Concernant la sous-traitance, 68% des répondants déclarent sous-traités « peu », 19% « moyennement » et 13% « beaucoup ».
Lorsqu’elle a lieu, cette sous-traitance se fait majoritairement au niveau local 51,2% contre seulement 6,8% en nearshore et 12,8% en offshore.

Les résultats diffèrent une nouvelle fois selon le type de société à laquelle appartient le répondant : 47% des répondants SSII sous-traitent au niveau local et 17,9% en offshore quand ils sont 55,7% des répondants entreprises à privilégier le local et 9,7% à sous-traiter en offshore.


Cobol, un langage mal connu

Les deux tiers des répondants (63%) considèrent que l’attractivité du Cobol est faible et 70% que ce langage n’est pas actuel. Cela laisse à penser à une méconnaissance des capacités techniques aujourd’hui disponibles avec ce langage.

Environ la moitié (44%) estime qu’il est indispensable, avec un taux encore plus faible dans les SSII (36%) contre 47% dans les entreprises.
En outre, le Cobol est très apprécié pour sa fiabilité (82%). Les répondants lui reconnaissent aussi être facile à apprendre (70%), facile à maintenir (51%) et adapté au business (50%).

Ces résultats, outre l’expertise pointue acquise par les collaborateurs des SSII en développement Cobol peuvent s’expliquer par leur approche avant tout technologique des projets là où les entreprises vont privilégier une lecture “business” de leurs applications cœur de métier.

En moyenne, seulement 30% estiment que le Cobol est facile à intégrer et à porter dans de multiples environnements, chiffre qui monte certes à 39% chez les répondants des SSII quand il n’est que de 24% dans les entreprises.
Les répondants souhaitent des outils de développement en Cobol qu’ils satisfassent les enjeux de leur SI : pour cela, ils déclarent avoir besoin d’outils multiplateformes (56,9%) qui s’intègrent avec J2EE et Eclipse (49,5%) contre (20%) pour l’intégration avec Visual Studio et .Net.
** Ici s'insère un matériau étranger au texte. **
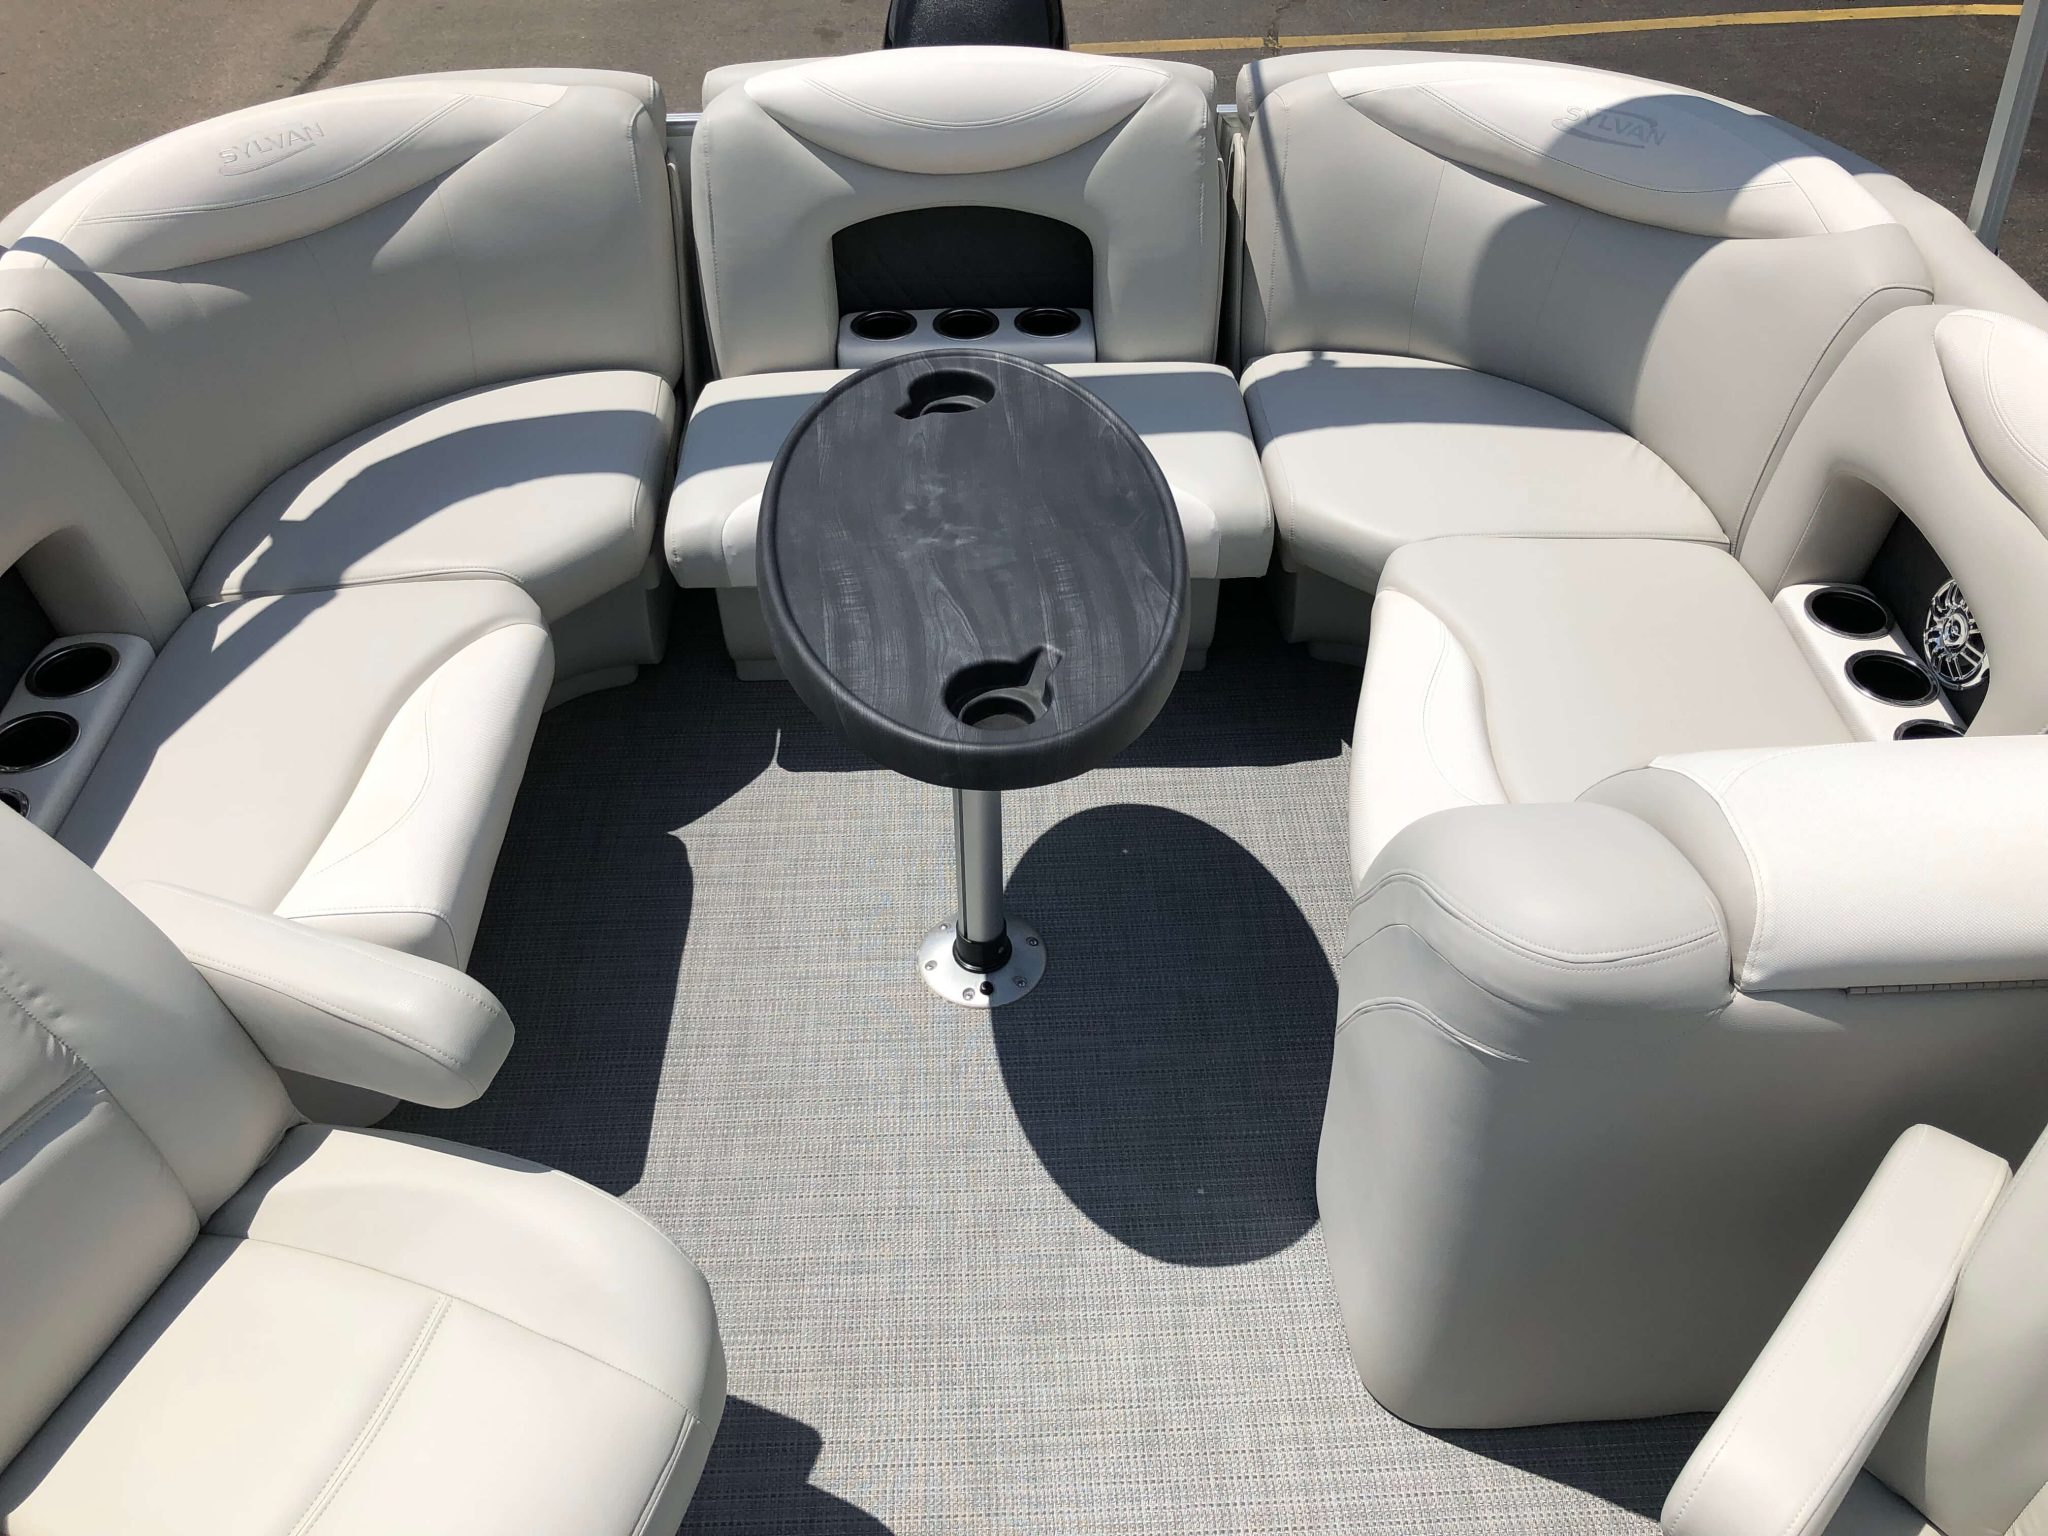 2016 Sylvan 8520 LZ LES Pontoon Boat Layout 3

Pour (25%) qu’ils permettent d’opérer la compilation et les tests sur des serveurs distants. Leur disponibilité en mode SaaS ou Cloud n’a été mentionnée que par 11,7% des répondants.




Des compétences Cobol à pérenniser au sein des équipes de développement

Les répondants à l’Observatoire notent pour près de 70% que le Cobol est un langage informatique facile à apprendre. De ce fait, avoir des ressources formées au sein des DSI n’est pas un souci car acquérir les compétences de base pour intervenir sur la maintenance des applications est à la portée d’un grand nombre de développeurs. Ce résultat résonne par ailleurs avec le fait que plus des 2/3 des répondants n’ont pas de difficulté majeure à transférer les compétences à l’issue des projets.
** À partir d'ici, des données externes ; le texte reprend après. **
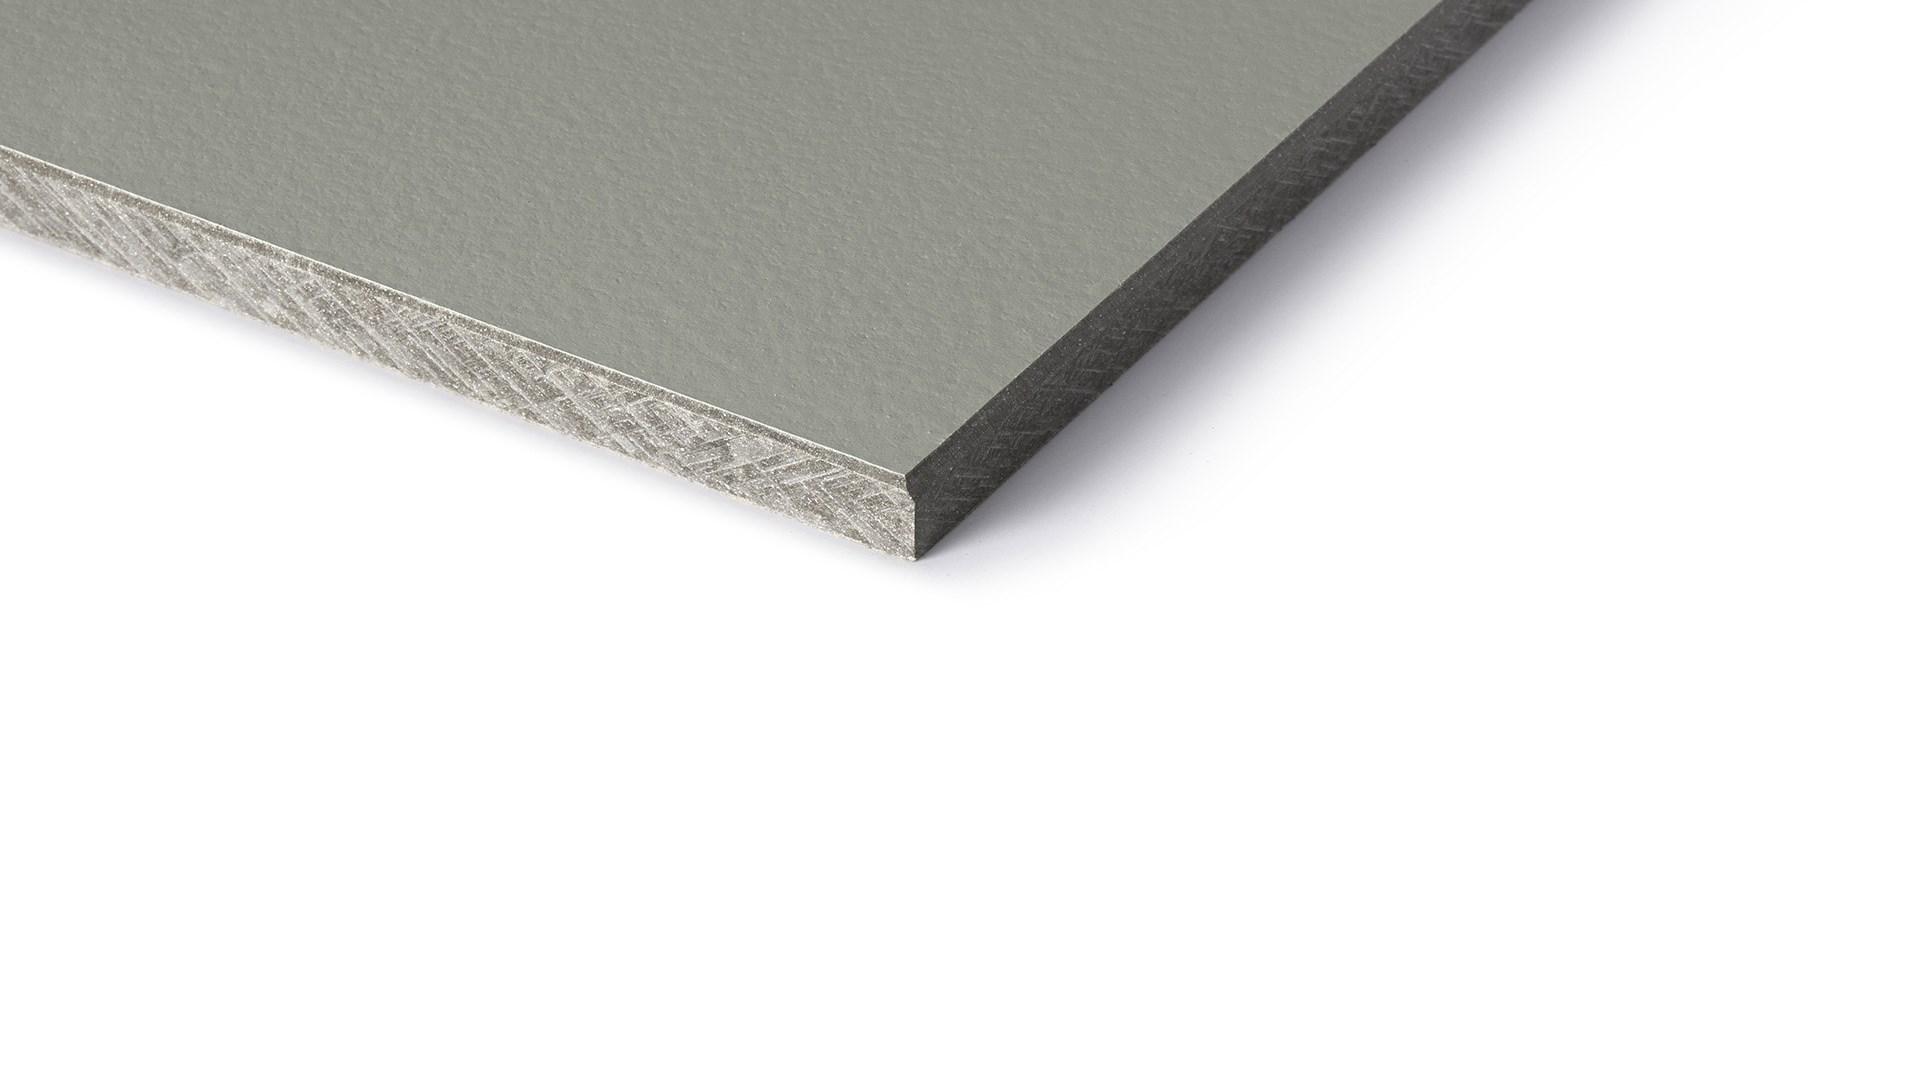 cembrit-cover-600-kolor-plyta-elewacyjna-wzornik

Au niveau des recrutements, Le constat est un peu différent avec des situations distinctes entre SSII et entreprises : un peu moins de la moitié des entreprises (45%) peinent à embaucher des cobolistes contre 57% pour les SSII.


« Les résultats de cette enquête soulignent la reconnaissance de l’importance du Cobol dans l’applicatif de l’entreprise. Malgré ses mérites reconnus, il pâtit d’une image de faible attractivité, et ceci tout en soulignant sa fiabilité, sa simplicité, son adaptabilité et son adéquation au business. Il est nécessaire de redorer l’image du Cobol, qui est actuel et pérenne. Micro Focus y contribue par ses solutions innovantes et par son programme Académie destiné aux universités et écoles. » Patrick Rataud, Regional Manager Micro Focus Gallia.



Méthodologie
Etude menée en ligne du 14 décembre 2011 au 6 janvier 2012 et comptabilisant 540 répondants basées en France, issus de tous les secteurs d’activité. 71% sont directement impliqués dans l’usage du Cobol et occupent des fonctions variées (consultants, externes, responsables métier, directeurs métier, responsable des développements, directeur des développements, architecte…) 59% des répondants ont une volumétrie supérieure à 2 millions de lignes Cobol dans leur entreprise. Les représentants issus de SSII représentent 34% des répondants.
Parmi les répondants à l’Observatoire, 59% sont des utilisateurs du Cobol Micro Focus quand ce chiffre est en moyenne de 70% dans les environnements distribués.